Jeong scores victory over world champ
“Ma Long’s loss is the biggest news in the tournament,” said the ITTF.
When Jeong faced the world’s top player on Friday in Wuxi, China, he kept his focus and successfully made drive attacks throughout the game to win 3-1.
Ma, a gold medalist at the 2016 Rio Olympics, has not dropped from his top ranking since March 2015. This was Ma’s first loss to a non-Chinese table tennis player in five years, since the 2012 London Olympics when he lost 4-2 to Niwa Koki of Japan.
After defeating the toughest player in the field, Jeong won the remainder of the matches to advance to the final round. Prior to the semi-final match, Jeong won against Xu Xin, the third-highest ranked player in the world, and had a comeback victory against Niwa in the semifinal round.
Jeong lost the first two sets but came back strong to win the third and fourth set, forcing the match into a fifth set. Jeong was losing 10-6 in the last set, but stayed focused throughout the match to win five consecutive points and advance to the finals.
Although he lost his final match to Fan Zhendong, the second-highest ranked player in the world, on Sunday, his drive attacks made the opponent nervous throughout the match. Jeong’s silver medal was Korea’s first silver in 17 years, since Kim Taek-soo, a former table tennis player and the Korean national team coach, won a silver in 2000.
“I have regrets on my performance in the final round,” Jeong said after the match, “but through this tournament, I gained confidence.”
Jeong, from the Yanbian Korean Autonomous Prefecture in China, started playing table tennis at age 6 with his father. He showed great talent in the sport, finishing in the top regional tournaments in China. But after earning his Korean citizenship in 2005, Jeong quit table tennis for a year.
Shortly after, in March 2006, while attending Dong Incheon High School, Jeong took up the racket once more, and by December 2007, he was on the national team. For the first time in Korean table tennis history, he won the World Junior Table Tennis Championships boys’ singles.
Despite his outstanding junior career, Jeong struggled in his senior career, frequently being on the second division national team. He did help Korea win a silver medal at the 2014 Incheon Asian Games in men’s doubles, but Jeong never got to compete at the Olympics, falling behind players like Jung Young-sik and Lee Sang-su.

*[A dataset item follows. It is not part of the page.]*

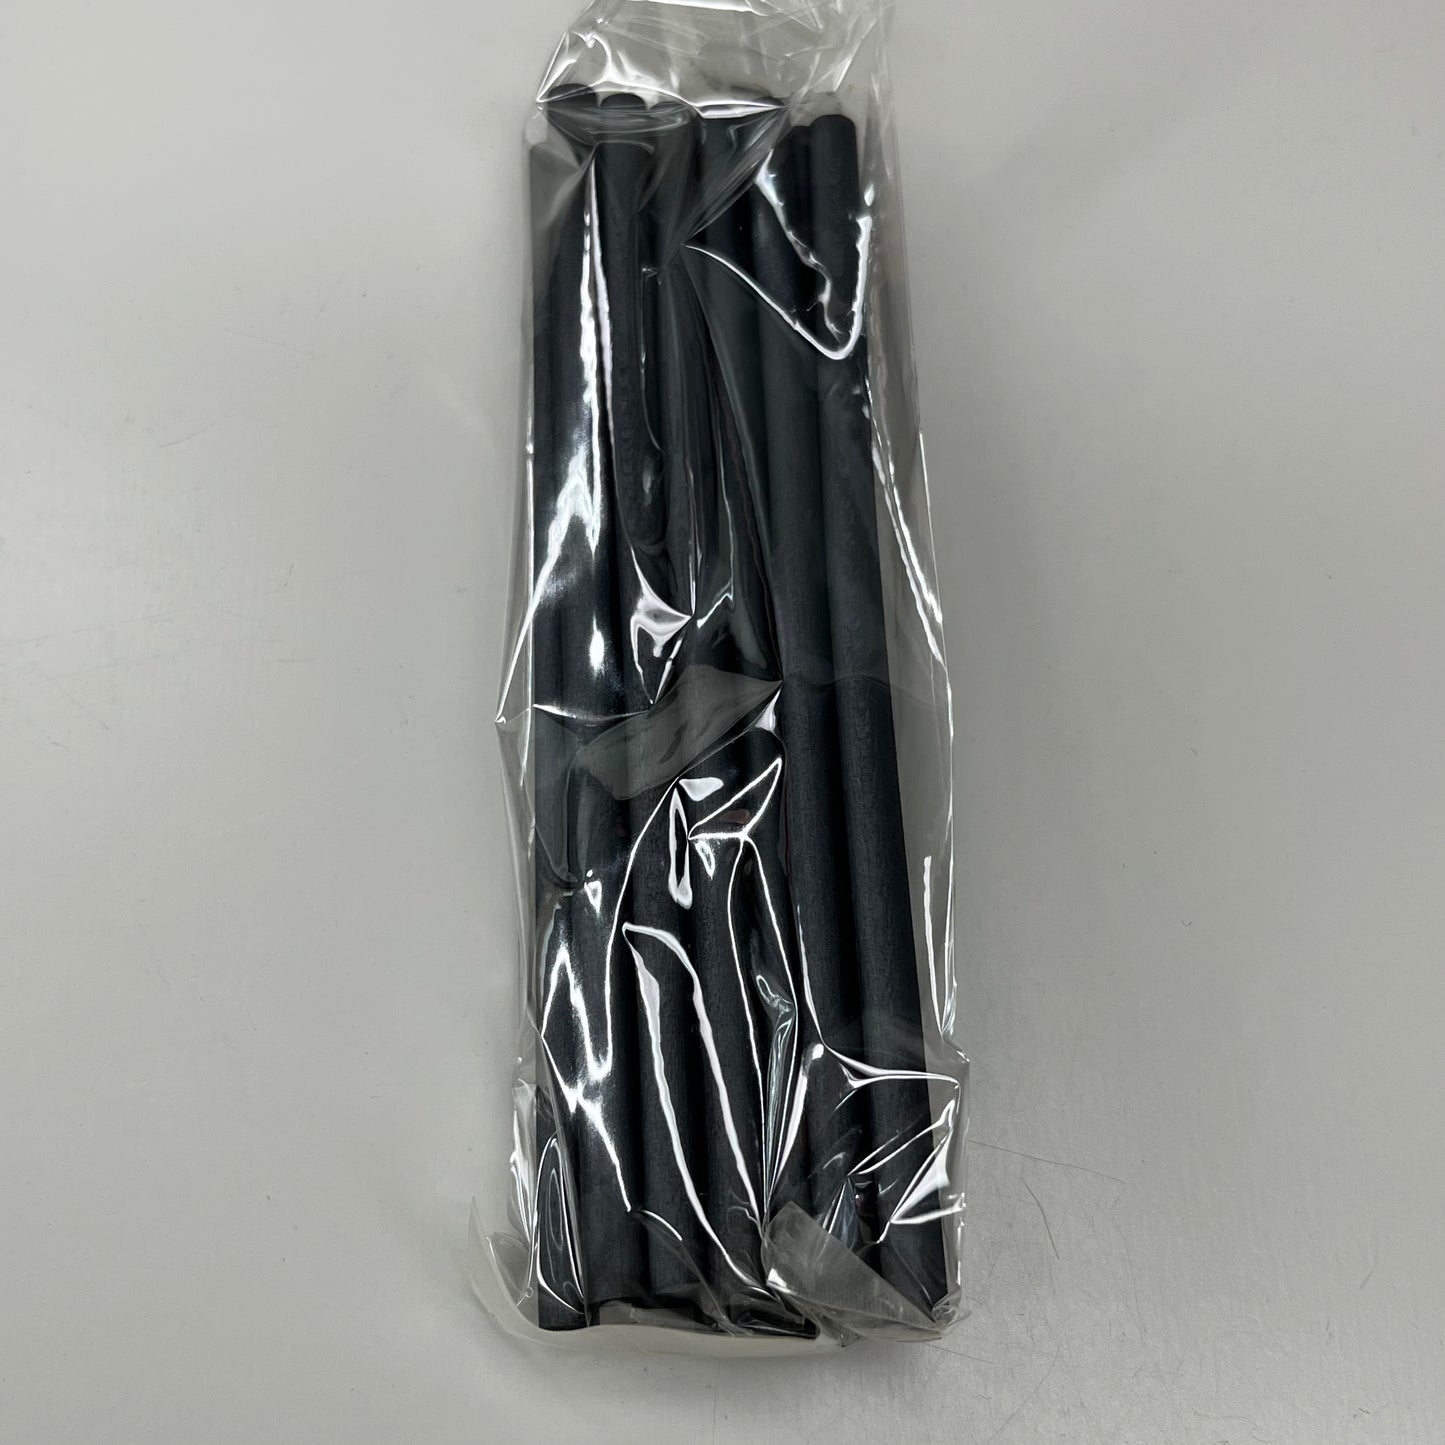 GRUMBACHER 3-PACKS of 12! (36 charcoal sticks total) Tender Charcoal V4112 (New)

“Since the Incheon Asian Games, Jeong injured his shoulder and from this, he had a hard time mentally,” said Lee Chul-seung, coach of Samsung Life Table Tennis Club.
During this time, Jeong considered retiring. But the qualifying tournament for the national team in February 2016 was another turning point for him. He started the event hoping to finish within the top 14 to be named in the second division team, but surprisingly, he ended up finishing fourth and earned his spot on the national team.
“After he made it to the national team, he worked very hard to improve his drive skills,” Lee said. “And Jeong, who is quiet most of the time, asked me to let him compete at the international events. I felt his strong determination to get back to the top.”
With his accomplishment at the Asian Championships, Jeong now looks forward to competing at the 2018 Jakarta Asian Games and the 2020 Tokyo Olympics.
“I am confident that I will be able to play another great match against Chinese players,” Jeong said.